The Foodie out on the Town
When dining out, it’s important to understand the information on the menu to ensure that the meals you eat away from home are part of a healthy diet and still delicious!

Fried, au gratin, crispy, scalloped, pan-fried, sautéed, buttered, creamed or stuffed are high in fat and calories. Look for steamed, broiled, baked, grilled, poached or roasted foods. Choose entrees that feature seafood, chicken or lean meat and avoid fatty meats.

Ask for condiments to be served on the side. Control your portions. If there are small plate options, opt for those over a plate that may tempt you to overeat. Ask your server how particular foods are prepared or what ingredients they contain.

For more heart-healthy information on reducing your risk for heart disease, consult a registered dietitian nutritionist in your area. ■

Sources: eatright.org, heart.org, consumerreports.org, newjersey.heart.org and www.nhlbi.nih.gov.
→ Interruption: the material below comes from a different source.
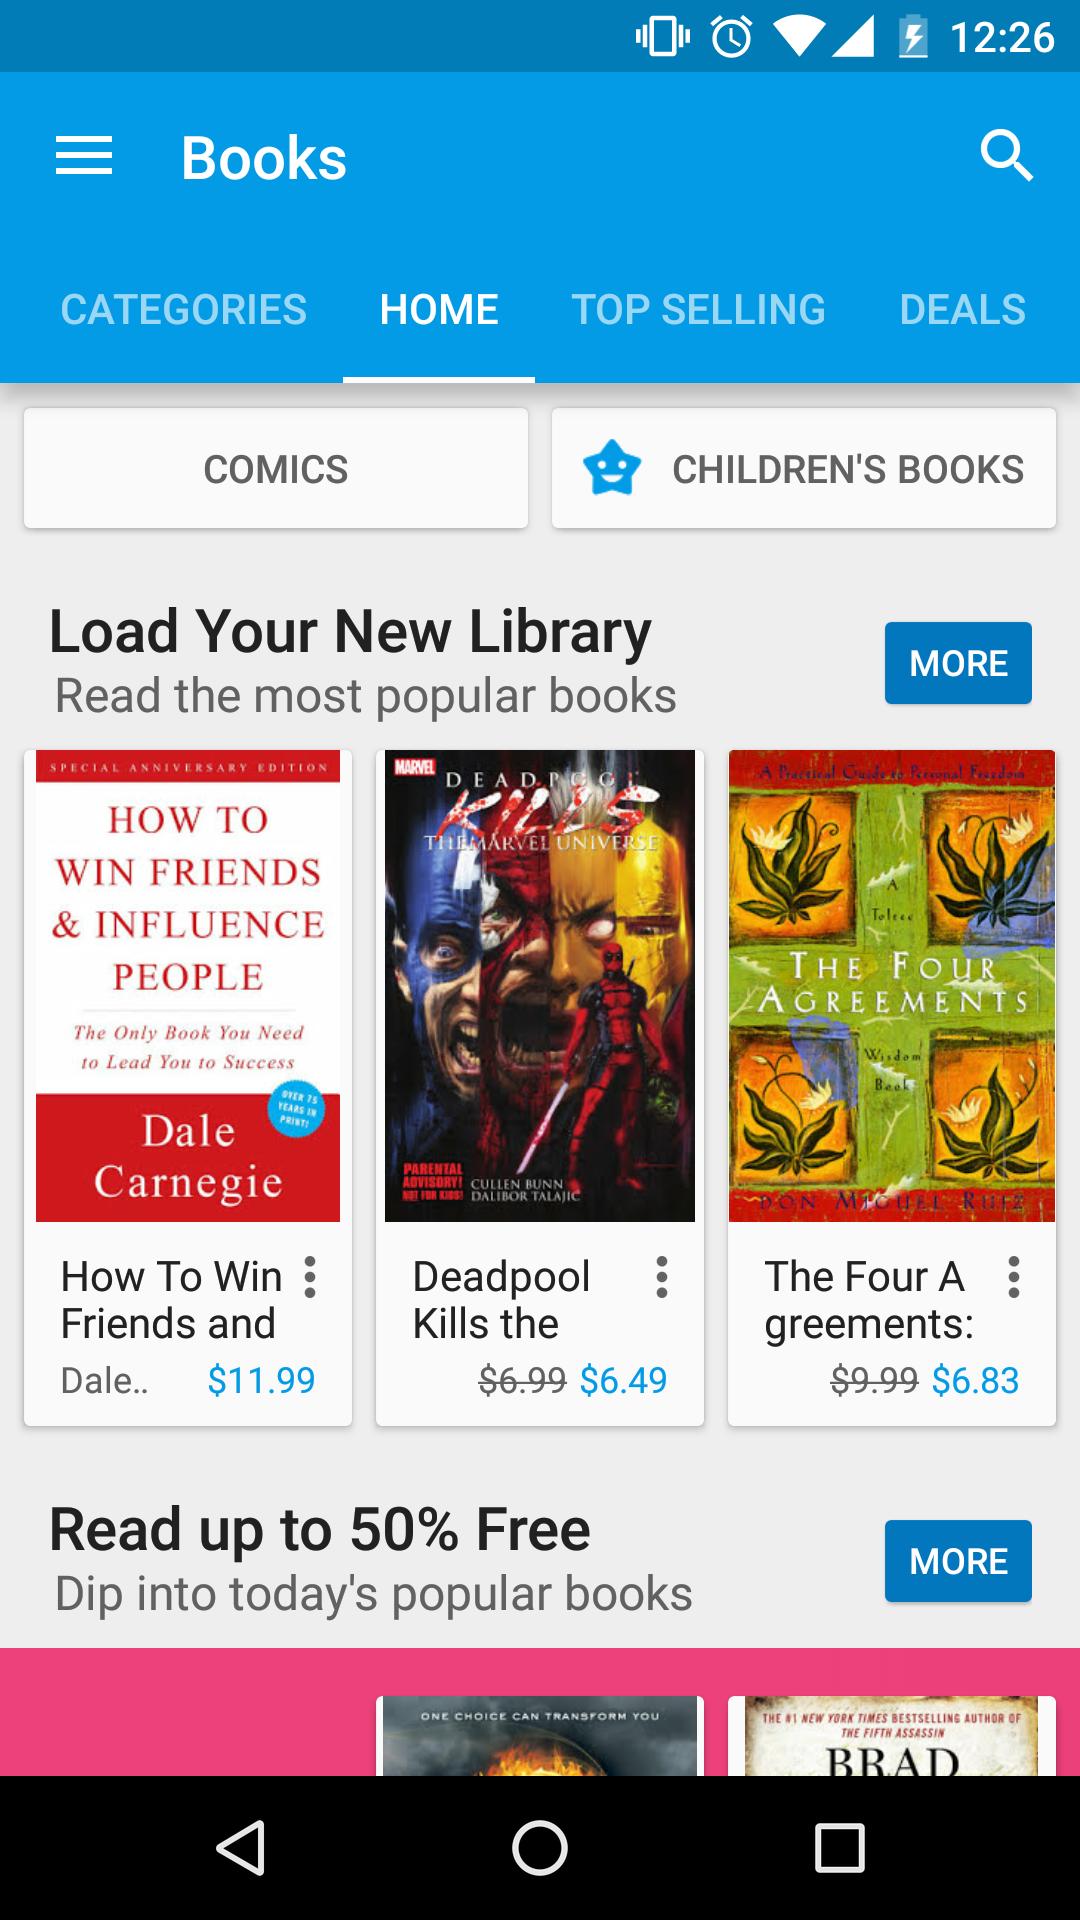 Google play store apk download for android tablet 4.0

Heart Healthy Swaps in the Kitchen
• Try 90 percent lean ground beef or lean ground turkey breast instead of regular ground beef.
• Substitute plain yogurt for sour cream on tacos or in dips.
• Try oils such as olive, safflower and other plant-based oils instead of butter or margarine or reduce how much butter you use.
• Swap mustard, yogurt or avocado for mayonnaise.
• Instead of crackers, chips, candy or baked goods, try fruit with plain yogurt, fresh vegetables and hummus, a slice of whole wheat toast and natural peanut butter or nuts.